Twenty-seven people died that weekend and almost twice that many in the month after. Hundreds got sick, and later reports say the death rate in the area was high for another decade.
Stacey’s trying to show me something in a murky photo, but it’s hard to make out.
“Look in the background, all of that smoke and fog and so forth,” he says. “The more I think of it, the more I'm surprised I survived this long.”
There’s never been a report about Utah having a killer inversion like Donora’s, but the Wasatch Front was a lot like the Pennsylvania industrial town back then. Winter smog episodes along the Wasatch Front were dreadful during inversions, thanks largely coal-fired emissions from to Geneva Steel, electric power plants and Kennecott Copper’s smelter and refinery.
But air quality here has improved a lot since then, and Donora has a lot to do with it.
“People looked at the smog disaster as sort of an embarrassment, as sort of a tragedy that you don't want to revisit,” says Brian Charlton, another docent at the Smog Museum. “It was a black eye for Donora, having this hanging over their head.”
Charlton tells visitors how people endured the pollution because they needed those paychecks to feed their families. They couldn’t bring themselves to talk about the pollution for decades. Even after London’s Great Smog killed thousands. And even after Congress passed America’s first clean-air law.
“What do you think the lessons are for a place like Salt Lake City, which is still grappling with this problem?” I asked him.
“I don't know that we could tell you guys in Salt Lake,” he says, “because you have your own unique geography and topography. We can't give you any good advice.”
But Donora’s shame ultimately led to action across America, even in places as far away as Utah.
“Donora and the London fog and some of these other catastrophic pollution events were really what started everyone looking at what what's the link between air pollution and health,” says Kerry Kelly, a University of Utah air pollution researcher.
Kelly’s one of the scientists trying to understand why, now that the big industrial polluters are gone, smog still settles here in northern Utah for days and sometimes weeks each winter. She says solutions are tough now because most pollution comes from millions of tailpipes and furnaces in homes and businesses.
“You can't just point to one or two industries and shut it down and fix the problem,” she says. “It is really everyone's responsibility. And I think that is one of the biggest challenges we face.”
Here’s another way to put it: Our way of living is harming us, and improvements are still needed for truly healthy air, even during inversions. It’s not much different than the conflict faced by people in Donora so many years ago.
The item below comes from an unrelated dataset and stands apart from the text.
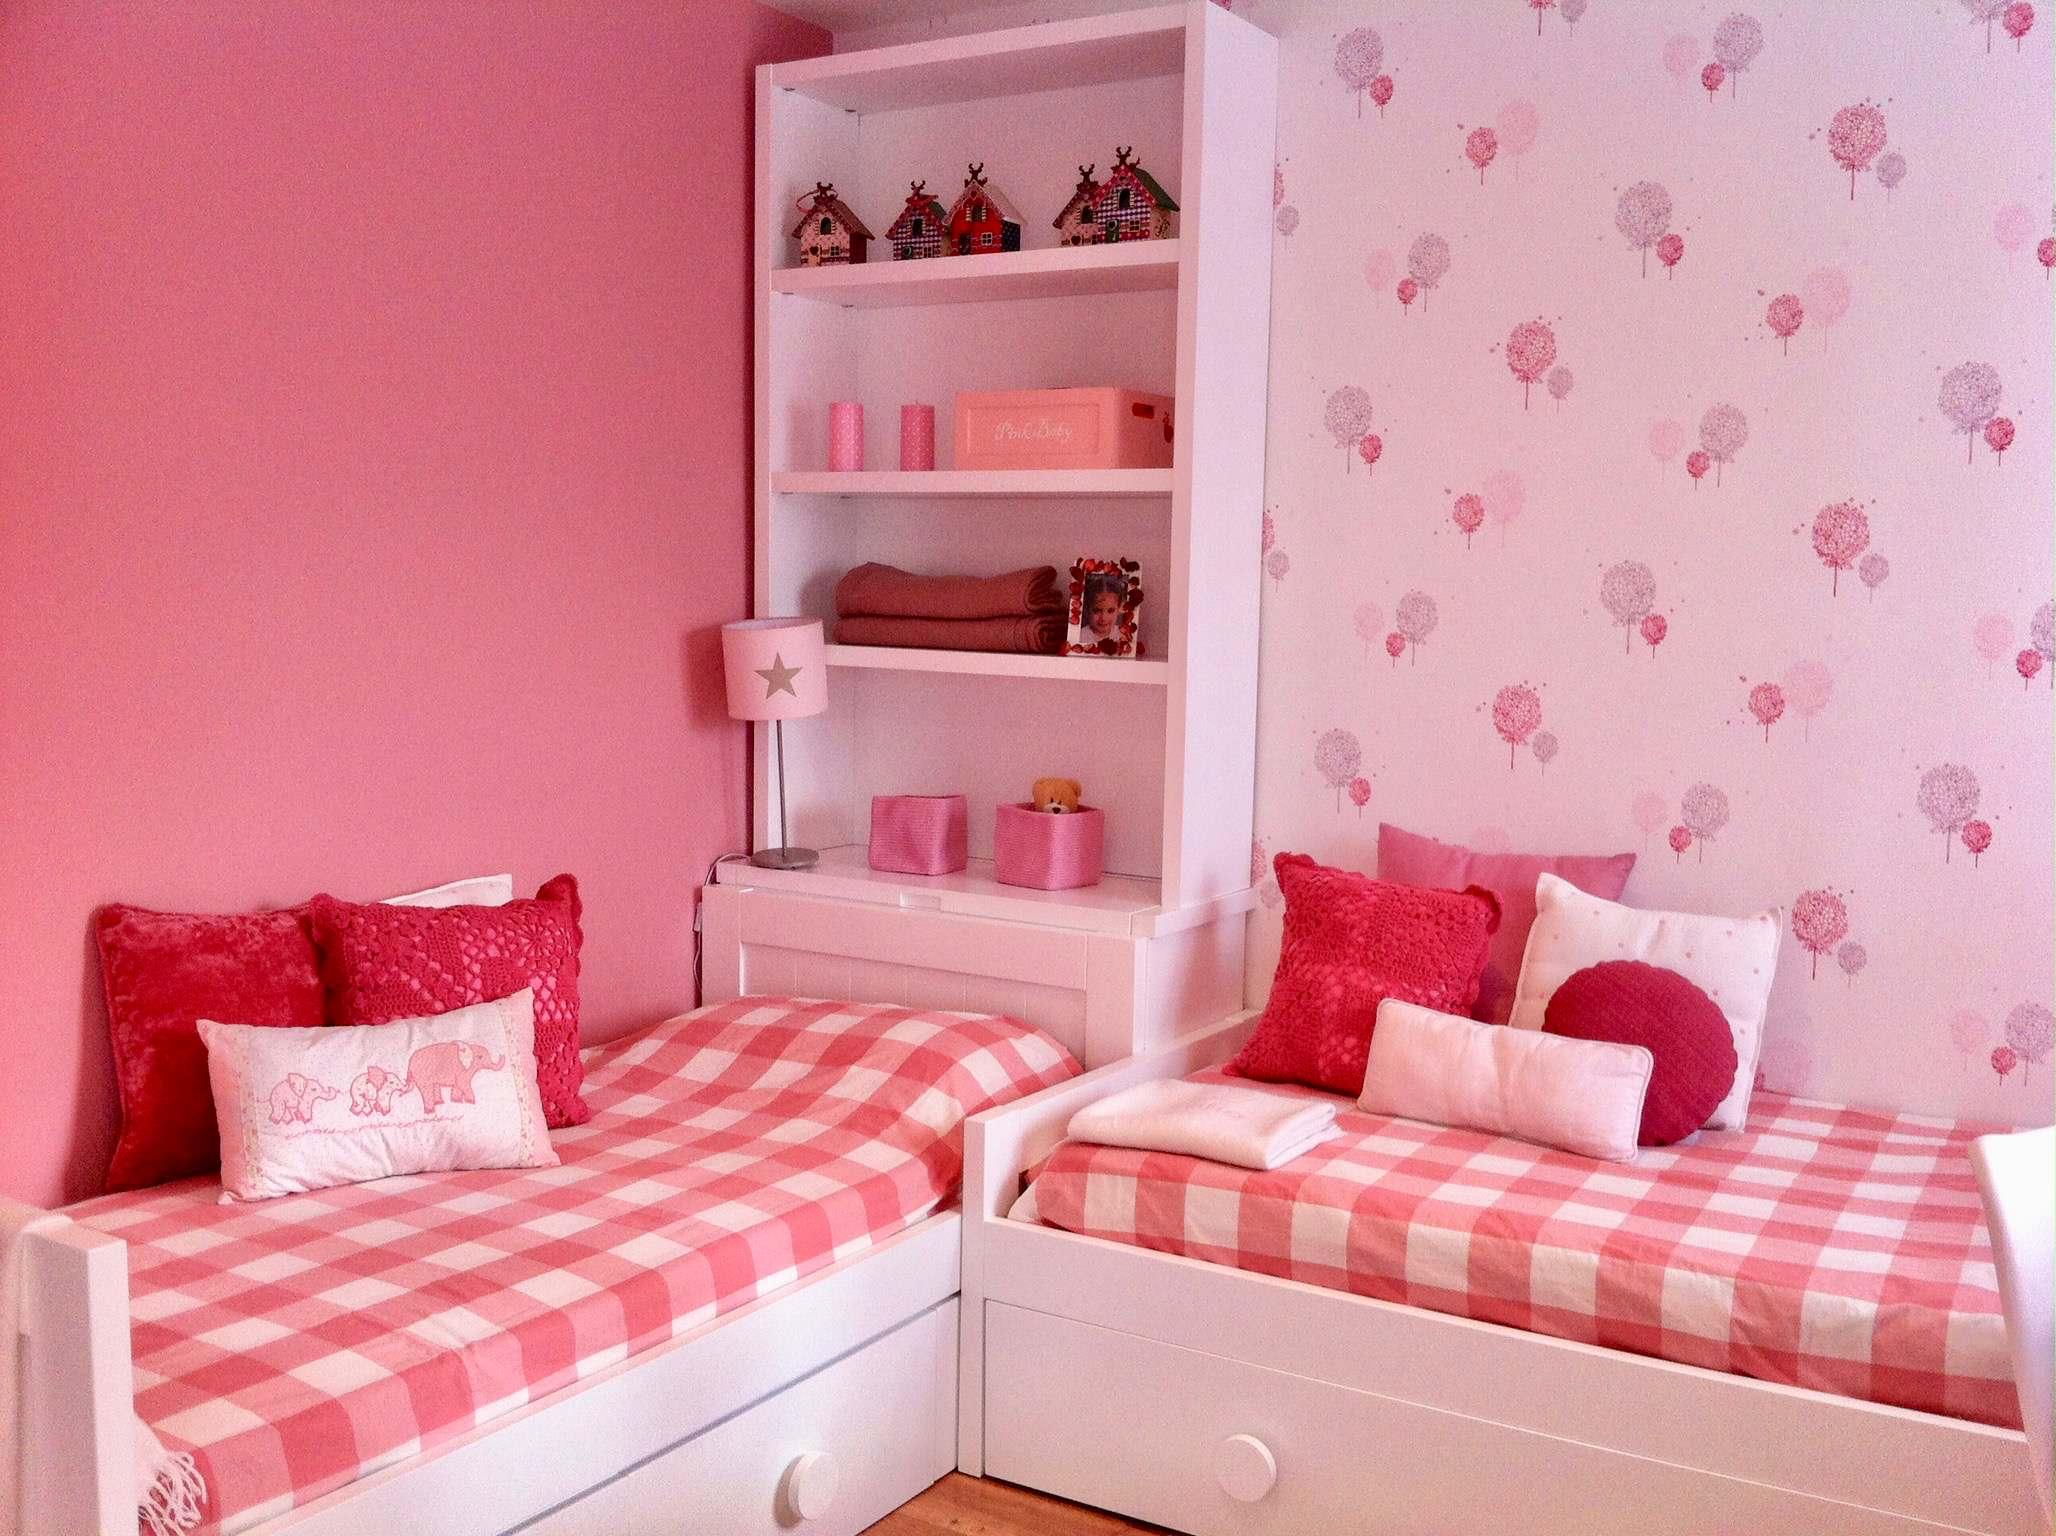 Dormitorio infantil para dos niñas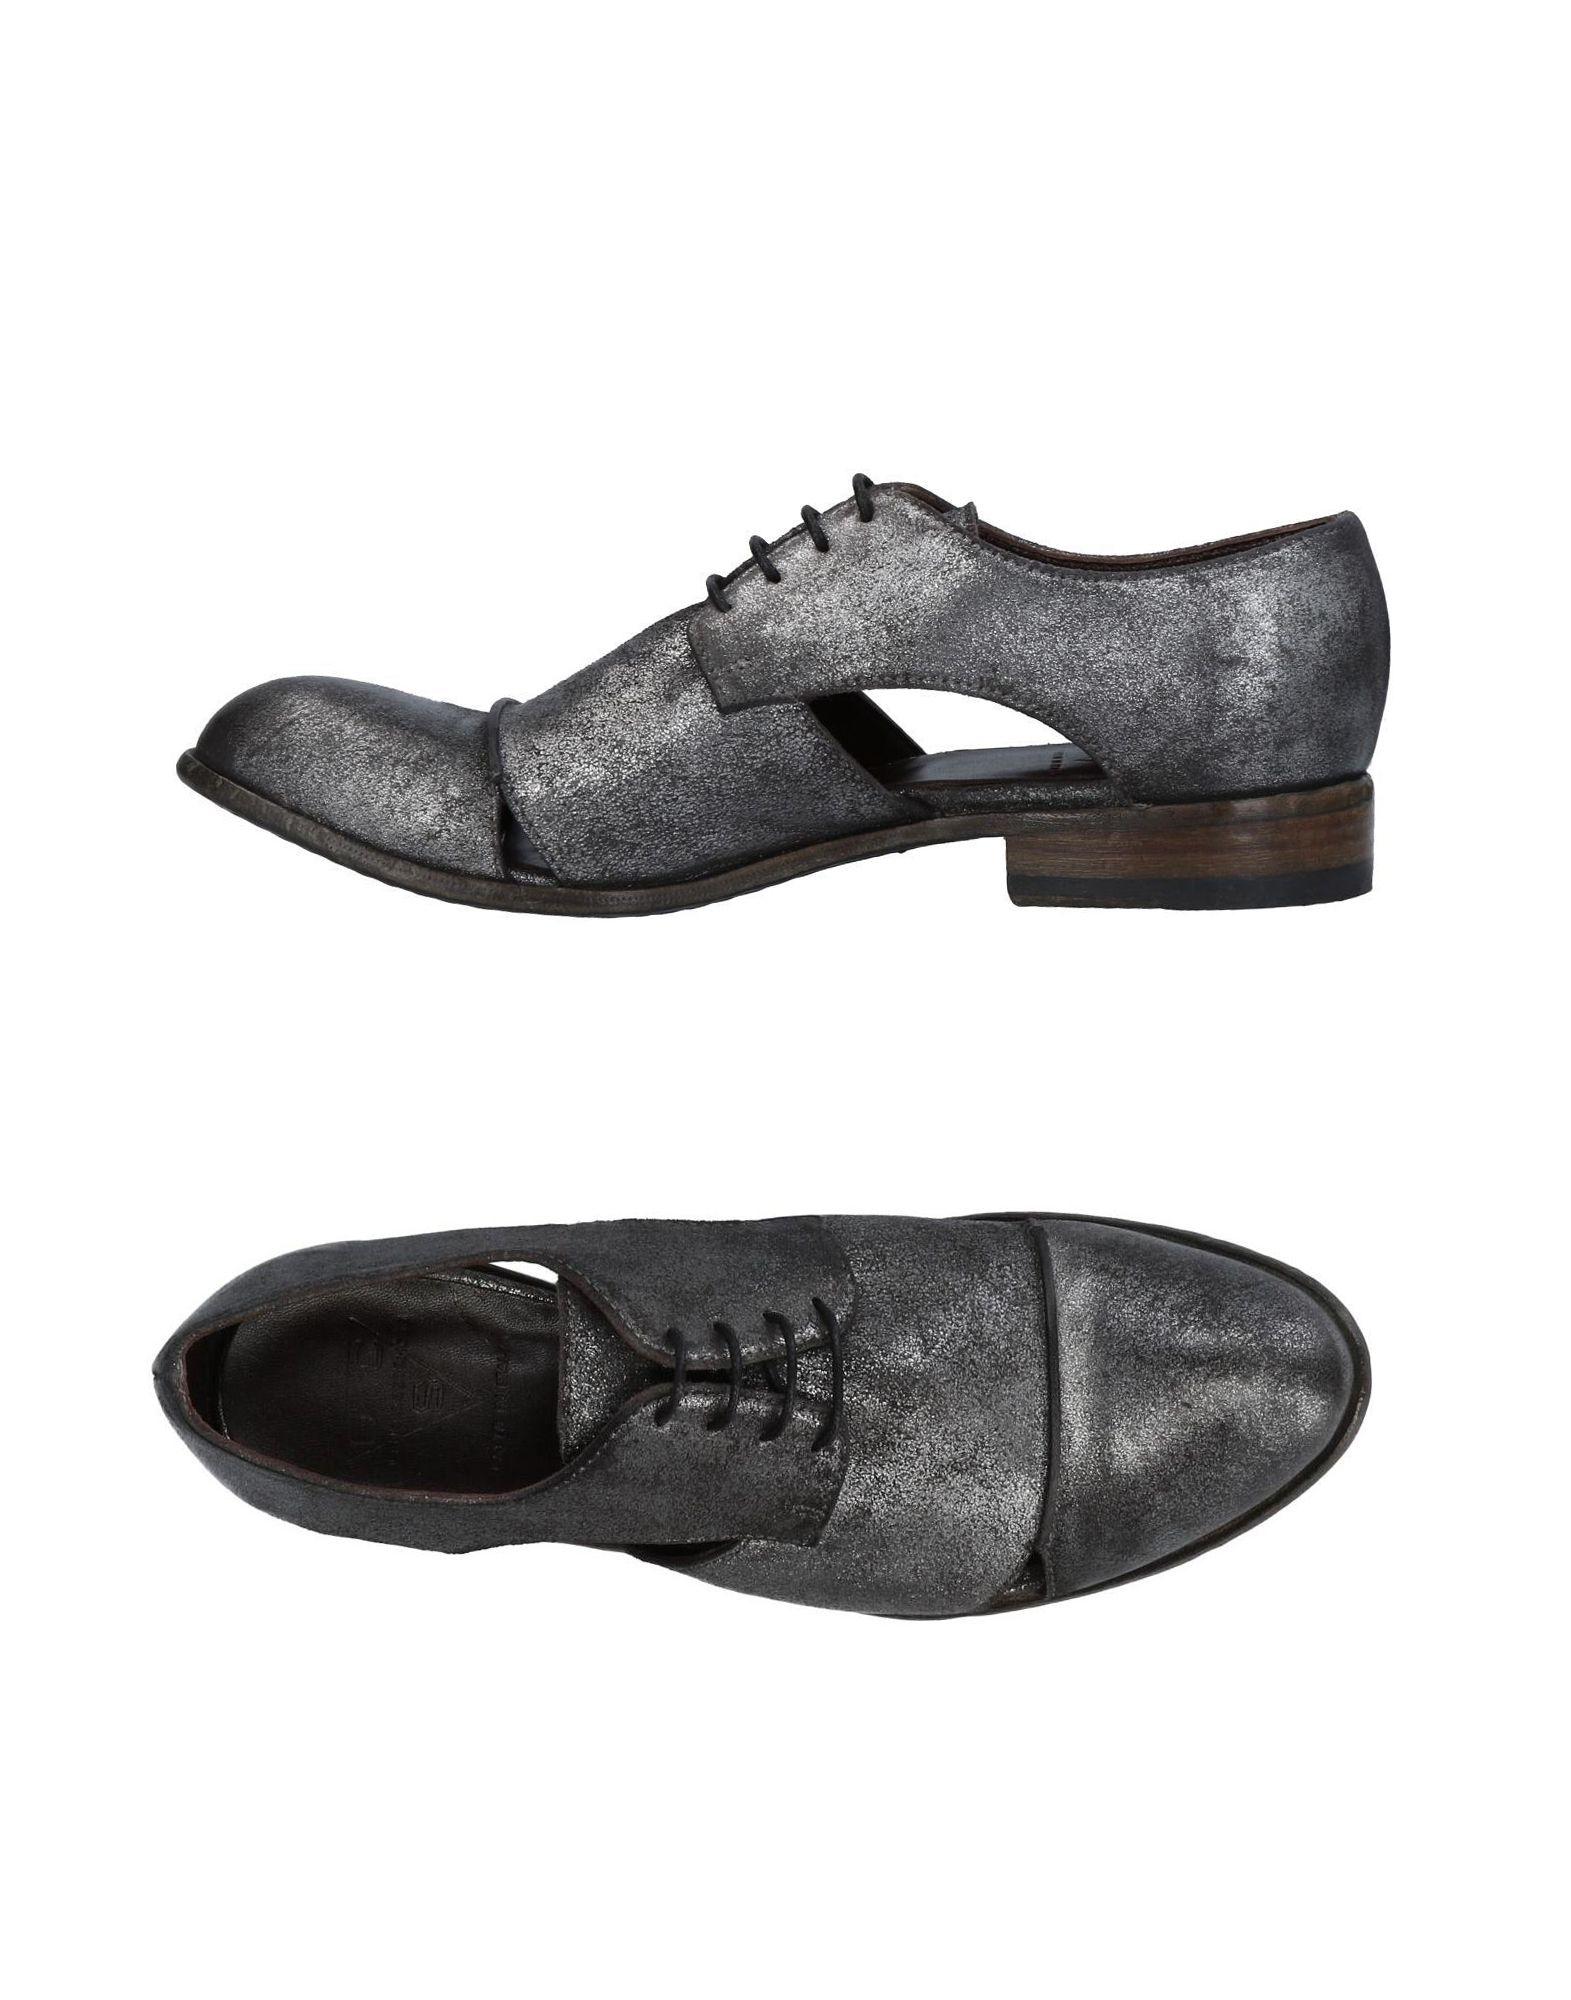 OPEN CLOSED SHOES Обувь на шнурках alpe woman shoes обувь на шнурках

“Our moniker is ‘Clean air started here’,” says museum volunteer Mark Pawelec. “And so, from that standpoint, yeah, we do feel like we had a part in helping shape the environmental world, you know, that we're living in now and trying to still shape it, I guess.”
He says that gives the Donora tragedy enduring meaning.
“There was going to be environmental disaster somewhere that was going to bring, you know, people's attention to the fact that we need to protect the environment that we live in, right? It just so happened it happened here in Donora in 1948.”
The skies are healthier in Utah now than they were back in 1948.
But Pawelec hopes that the lessons of Donora don’t fade with the passage of time, that people remember the lives lost so that others do whatever’s needed to keep their air clean.